By Kristen Haunss
NEW YORK, Sept 27 (LPC) - US Senator Elizabeth Warren expressed concerns about credit ratings, specifically those for loan securitizations, worried a top US regulator is not doing enough to ensure the independence of the process.
The Democratic presidential hopeful sent a letter Thursday to Securities and Exchange Commission (SEC) Chairman Jay Clayton urging the regulator to take immediate action to study a model that she says unduly incentivizes rating firms to assign better grades.
The issuer-pays model, in which financial institutions pay rating agencies for credit assessments of products they plan to sell, gives firms an incentive to assign better ratings, regardless of risk, so as not to lose business to competitors, Warren wrote.
The US$641bn US Collateralized Loan Obligation market – the largest buyers of leveraged loans, which companies rely on for financing – is a specific concern.
“These securitizations have helped enable increased leveraged loans that are generally poorly underwritten and include few protections for lenders and investors, which creates significant risk to the financial system and the American economy,” Warren wrote, noting that managers of most CLOs are no longer forced to hold retention previously required under the Dodd-Frank Act.

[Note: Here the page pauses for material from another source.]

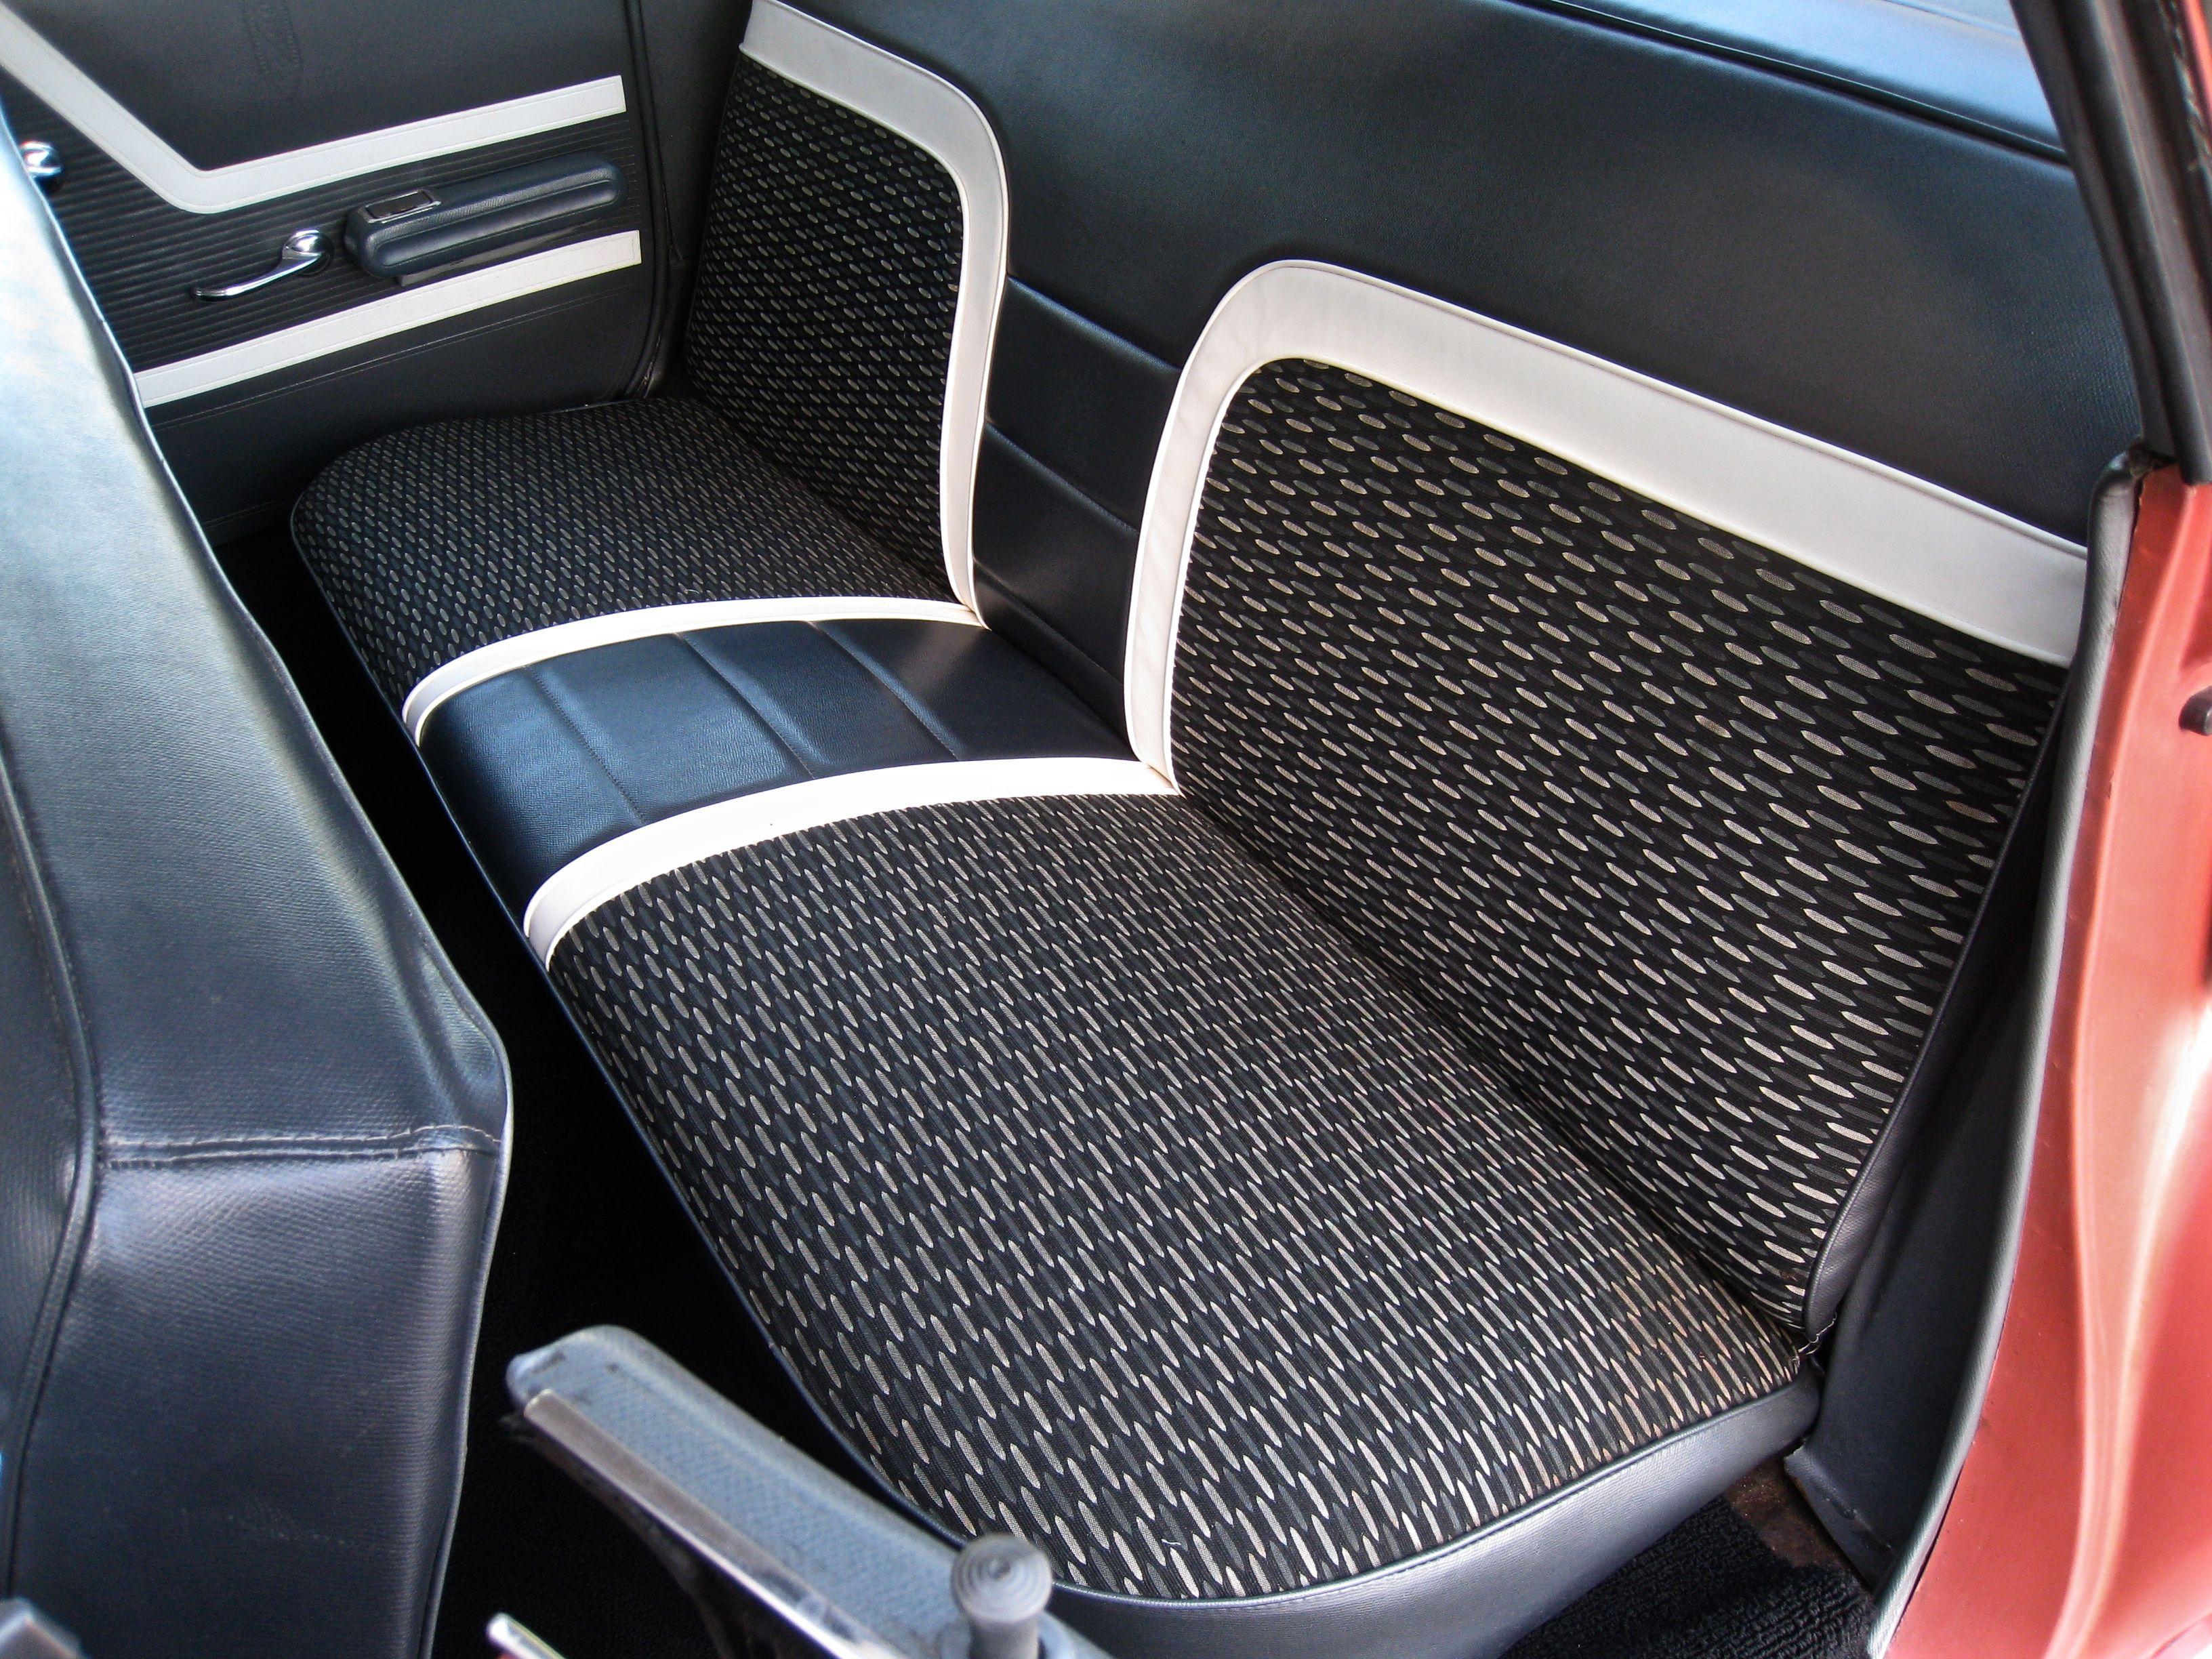 1959 Buick Lesabre Unrestored Totally Original Interior Of A California Car

“It is deeply concerning that the SEC has not taken meaningful action to ensure that these securities are accurate and not unduly influenced by conflicts of interest.”
The SEC has missed the opportunity to regulate ratings firms under the authority given by Dodd-Frank, she wrote, years after the credit crisis when ratings were assigned that were said to not accurately reflect risk.
Warren asked Clayton to respond by October 18 to a series of questions including whether the SEC is looking to recommend a business model beyond issuer-pays and what resources does the regulator need to implement the Dodd-Frank reforms for the ratings industry.
Years of low interest rates coupled with growing demand for floating-rate loans saw the US leveraged loan market more than double in size since the credit crisis to top US$1.2trn in assets, allowing companies to borrow increasingly higher levels of debt compared to their earnings while offering fewer lender protections in return.
The boom was buttressed by the US CLO market, which performed well during the crisis, with a record US$128.1bn of the funds arranged in the US in 2018, according to LPC Collateral data. About US$88bn of US CLOs has been raised this year.
Last year Warren expressed similar concerns about “growing risks” in the leveraged lending and CLO markets.
“I am concerned that the large leveraged lending market exhibits many of the characteristics of the pre-2008 subprime mortgage market,” she wrote in a November 14 letter to regulators. “Many of the loans are securitized and sold to investors, spreading the risk of default throughout the system and allowing the loan originators to pass the risk of poor underwriting on to investors.”
She asked Clayton in that letter whether as part of his supervision of Nationally Recognized Statistical Ratings Organizations (NRSROs), he had found any evidence that ratings of loans or CLOs lacked accuracy or were unduly influenced by conflicts of interest.